December 9th, 2006
today I’m calling you mister poo because of the poo you got on you yesterday you munty. I’m banning you from touching me today, maybe tomorrow but today i not in the mood. you’fve putme right off with that poo thing man, what you go and grab his poo for? jeeeeez.
So yeah look, we’re in space and looking for a domed city, because in the distance is a massive MASSIVE mecha-santa that’s attacking. it got these well mint feet that project force fields under so he can walk along in space, which is all mad because of there’s no gravity here, so it’s like the most messed-up 3d rotating space level ever with this robot thing cutting through the middle of it all. He blasting everything out of way like they’re just all this stuff in the way!
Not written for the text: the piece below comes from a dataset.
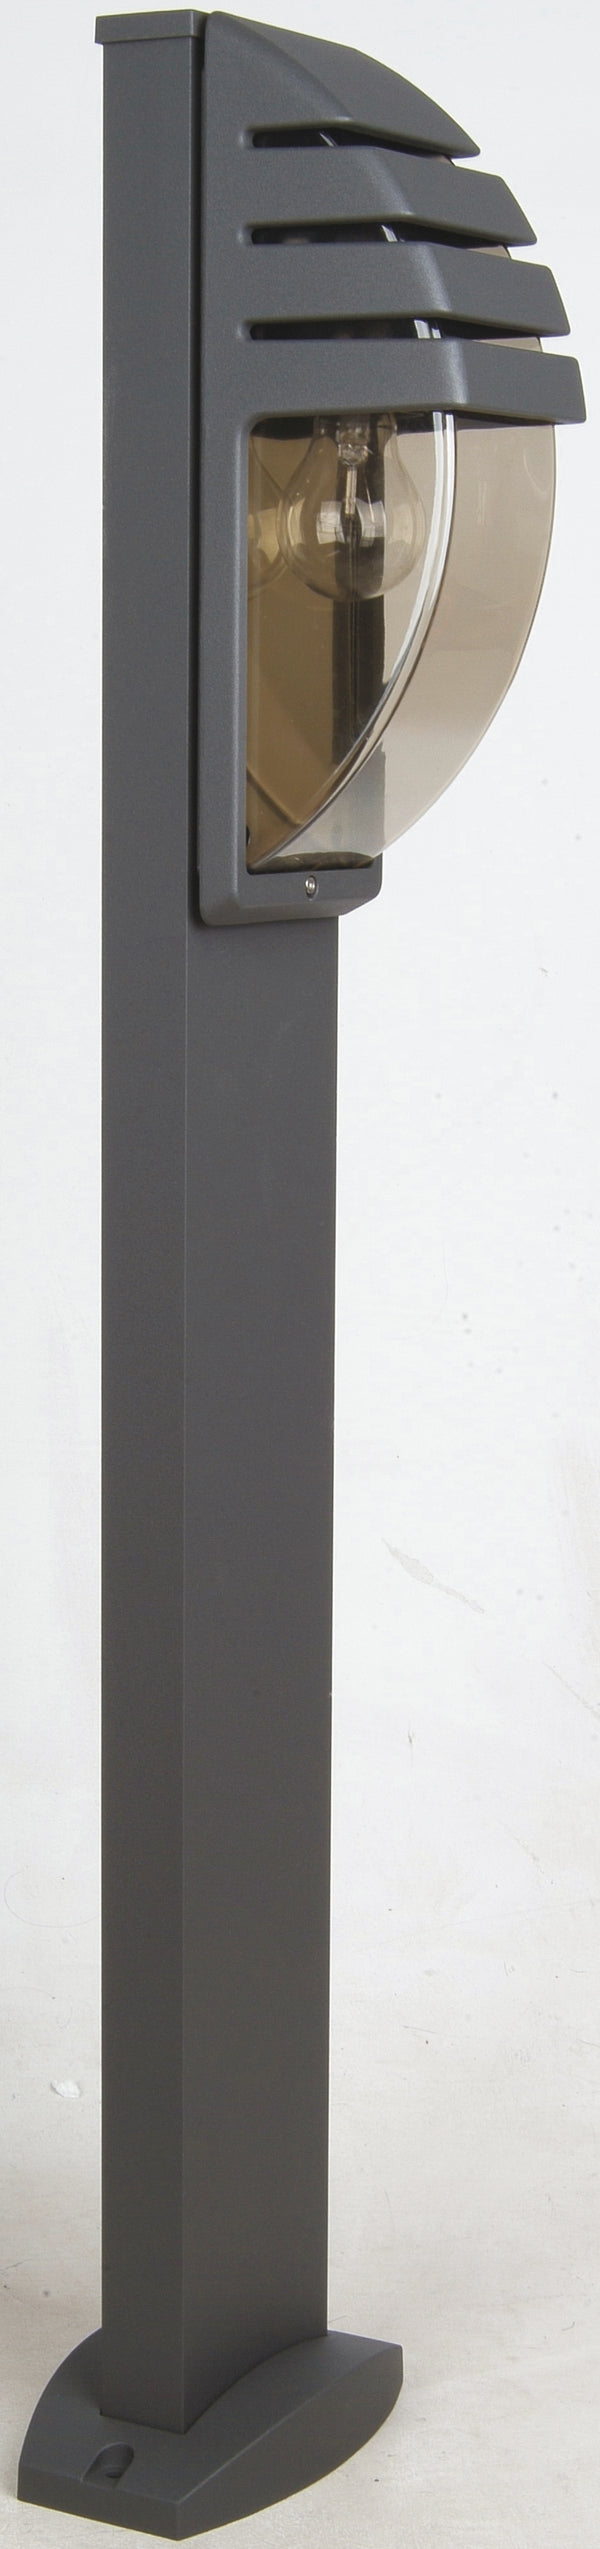 Paletto Alluminio Antracite Diffusore Policarbonato Oscurato Giardino Esterno E27 prezzo

right, we need to defart… MOHH DEFART! I GENUINELY MEANT TO TYPE “DEFEAT” AND WASN’T LOOKING HO HO HO , so we need to defart teh mecha santa. what can we do.
you need to defreat teh mecha massive santa. Do you:
- 1) smack him to his bum
- 2) pull him beard
- 3) tell him that mum of he does spleeing with many humans
- 4) WIGGLE HE
i can’t think how we would wiggle mecha santa, but any suggestions would be good.
meantime there’s a door here and is got a chocolate remote control in. That’s weird.
You can have that because I had yesterdays’! ?
Oh, but wait. Because you caught the man’s poo in your hand I don’t think you should touch it, so i will fire the chocolate direct into your mouth. Now, stand there and open your mouth…
i get into firing position…
i am readying the firing mechanism…
heheheha did you get it in your mouth?
right in? you swallow the chocolate?
swallow it all down?
EHEHEHEHE YOU JUST ATE MY POO! I JUST BENT OVER AND FIRED A POO TO SEE IF YOU’D DO IT AGAIN! YOU ATE IT! HA HA HAA! I’VE GOT THE CHOCOLATE HERE LOOK, I’M HAVING THAT *UM NUM NUM* HEHEHAHAHA
I CAN’T BELIEVE IT ! OHOHOHO
I can’t believe you just ate my poo mate.
You’re sick man, I don’t want to hang with you any more.